На встрече с журналистами, посвященной вручению Озу премии «Ясная поляна», ему задали вопрос: «Как такое возможно, что вы пишете русские книги, но не знаете русского языка?» Он ответил: «Почему же! Я знаю ритм русского языка, его темперамент, его музыку. Единственное – со словами пока плоховато». К слову, Амос сам не раз писал, что все его книги своими корнями уходят глубоко в почву русской литературы, поэтому неудивительно, что он оказался «своим» в России.
Видите ли вы в России писателя, которого можно было бы по стилю сравнить с Амосом Озом?
– Однажды я рассказал ему про Андрея Платонова, и выяснилось, что он, хоть и много о нем слышал, но никогда не читал. Тогда я принес ему «своего Платонова» – издание с параллельным текстом на русском и английском языке. Оз его прочел и сказал мне: «Я чувствую, что это великая проза, но по-английски это не то, хотя впечатление производит сильное». Я думаю, что если бы мы таким образом сравнивали писателей – ничего хорошего из этого бы не вышло. Разве в России можно найти второго Диккенса, второго Дюма или второго Вальтера Скотта? Нельзя. Слава Б-гу, в России были и есть свои замечательные прозаики, и каждый из них абсолютно неповторим. Как и Амос Оз абсолютно неповторим.
Кого бы из современных израильских писателей вы бы хотели перевести сегодня?
– Мне бы очень хотелось перевести одну из последних книг Меира Шалева. Также меня занимает Цруя Шалев – двоюродная сестра Меира Шалева. Однажды я написал разгромную рецензию на перевод ее романа, но то, что она делает, мне довольно интересно. Знаете, однажды во время работы над переводом книги Давида Гроссмана «Как-то в бар заходит конь» я сказал Озу, что это прекрасная проза, но мне с большим трудом дается ее перевод. И Амос мне объяснил почему – это проза другого поколения! Я тогда на него посмотрел с удивлением: «А мы что же? Уже в древности?» Улыбнувшись, Амос произнес: «Не волнуйся, я сейчас пишу для тебя прозу».

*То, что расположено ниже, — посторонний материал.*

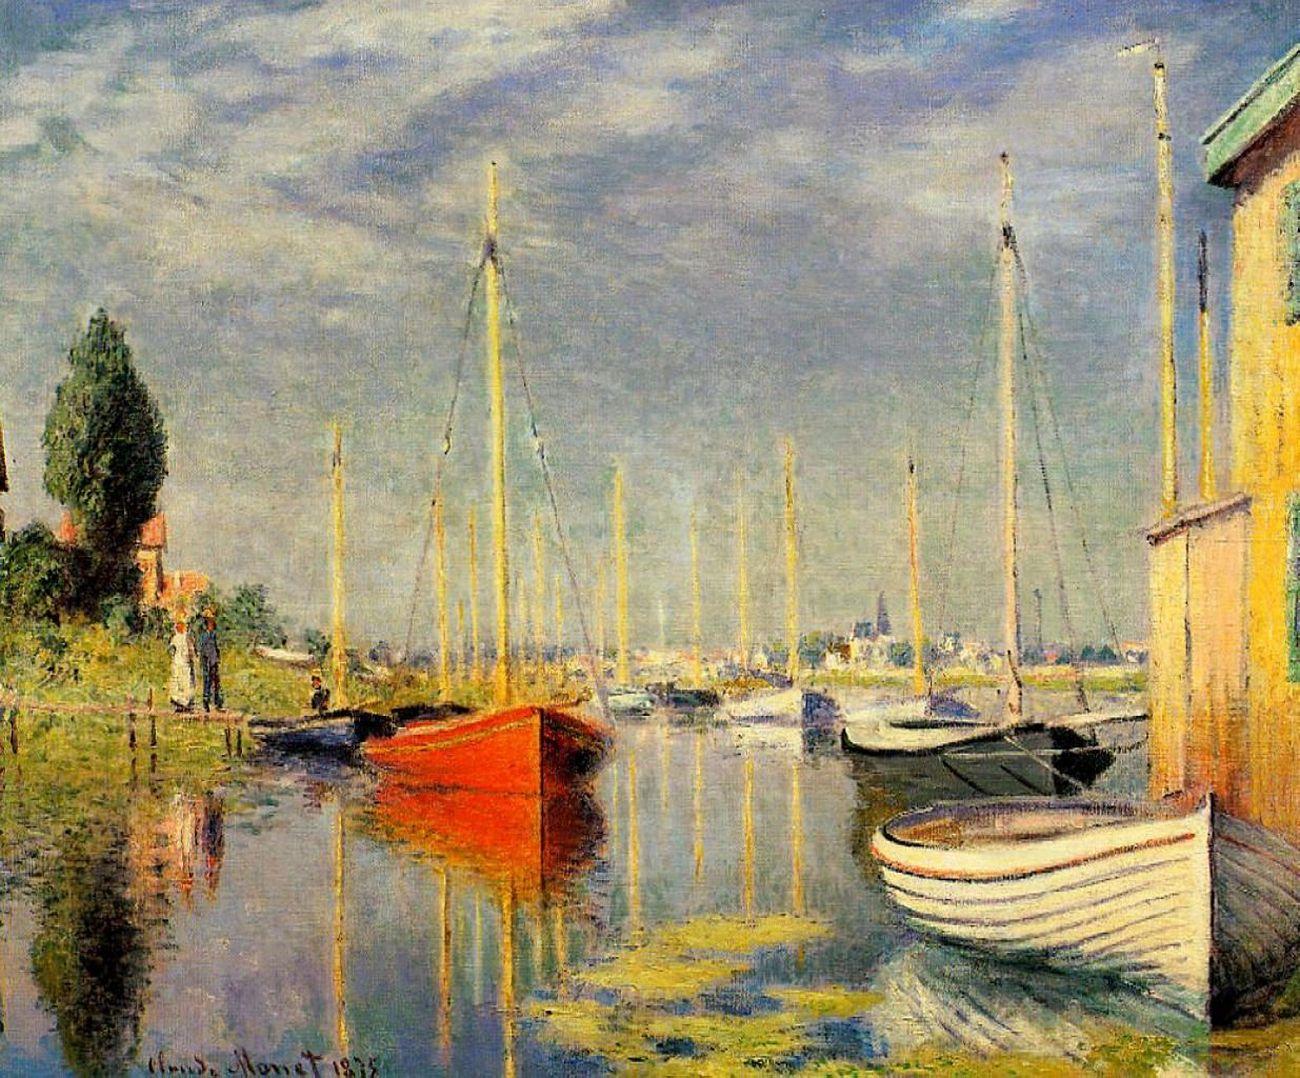 пейзажи - парусники и лодки < Яхты в Аржантёе >:: Клод Моне, описание картины - Claude Monet фото
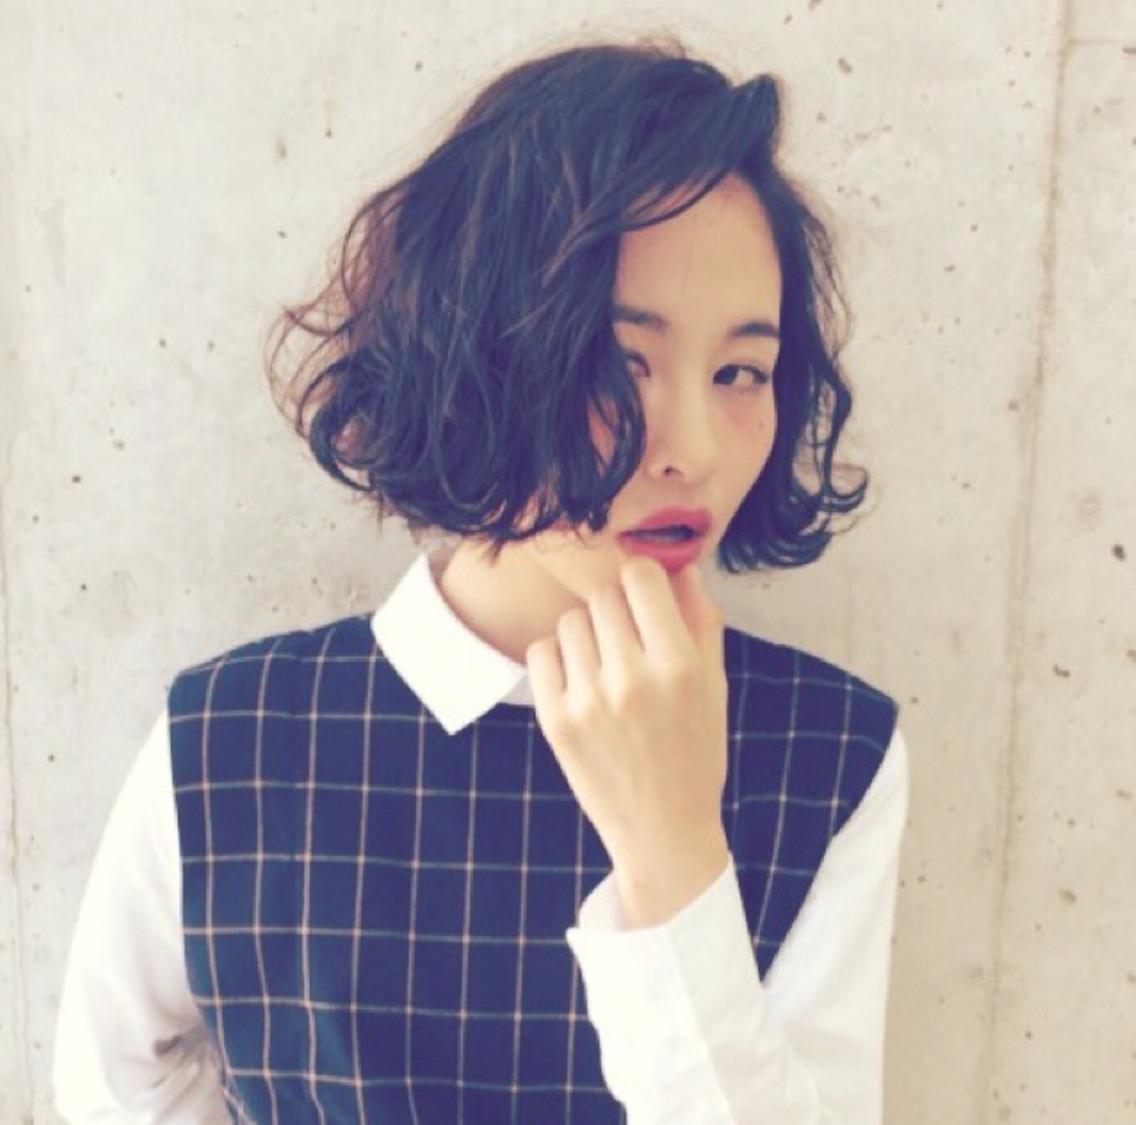 *新宿*技術向上のためモデルさん募集しています‼︎なりたいオーダーに合わせて似合わせヘアで可愛くします♡

Об этих его словах – «Я сейчас пишу для тебя прозу» – я рассказал его старшей дочери Фане Оз-Зальцбергер, когда на 30 дней со смерти Амоса мы приехали посетить его могилу на кладбище кибуца Хульда. И она мне сказала: «Подожди. Когда мы чуть-чуть успокоимся, то разберем его папки, и я найду эту прозу. Ты ещё будешь переводить Амоса Оза». И если вы спрашиваете, чего я хочу, то вот вам ответ – я хочу переводить Амоса Оза.
Например, я еще не перевел его роман «И тоже море» – это феноменальный текст! Когда я его прочел, то пришел к Амосу со словами: «Ты знаешь, что это самая лучшая твоя книга?» Он широко-широко улыбнулся и ответил: «Я тоже так всем говорю!» К сожалению, ее почти никто не знает. Потрясающий роман, доказывающий что Амос – это поэт. Поэт, который пишет прозу. Обычно великим поэтам дается проза, потому что во всякой хорошей прозе есть определенный ритм. У прозы Амоса есть этот внутренний ритм, и я его чувствую. Может быть, поэтому я так к нему привязан.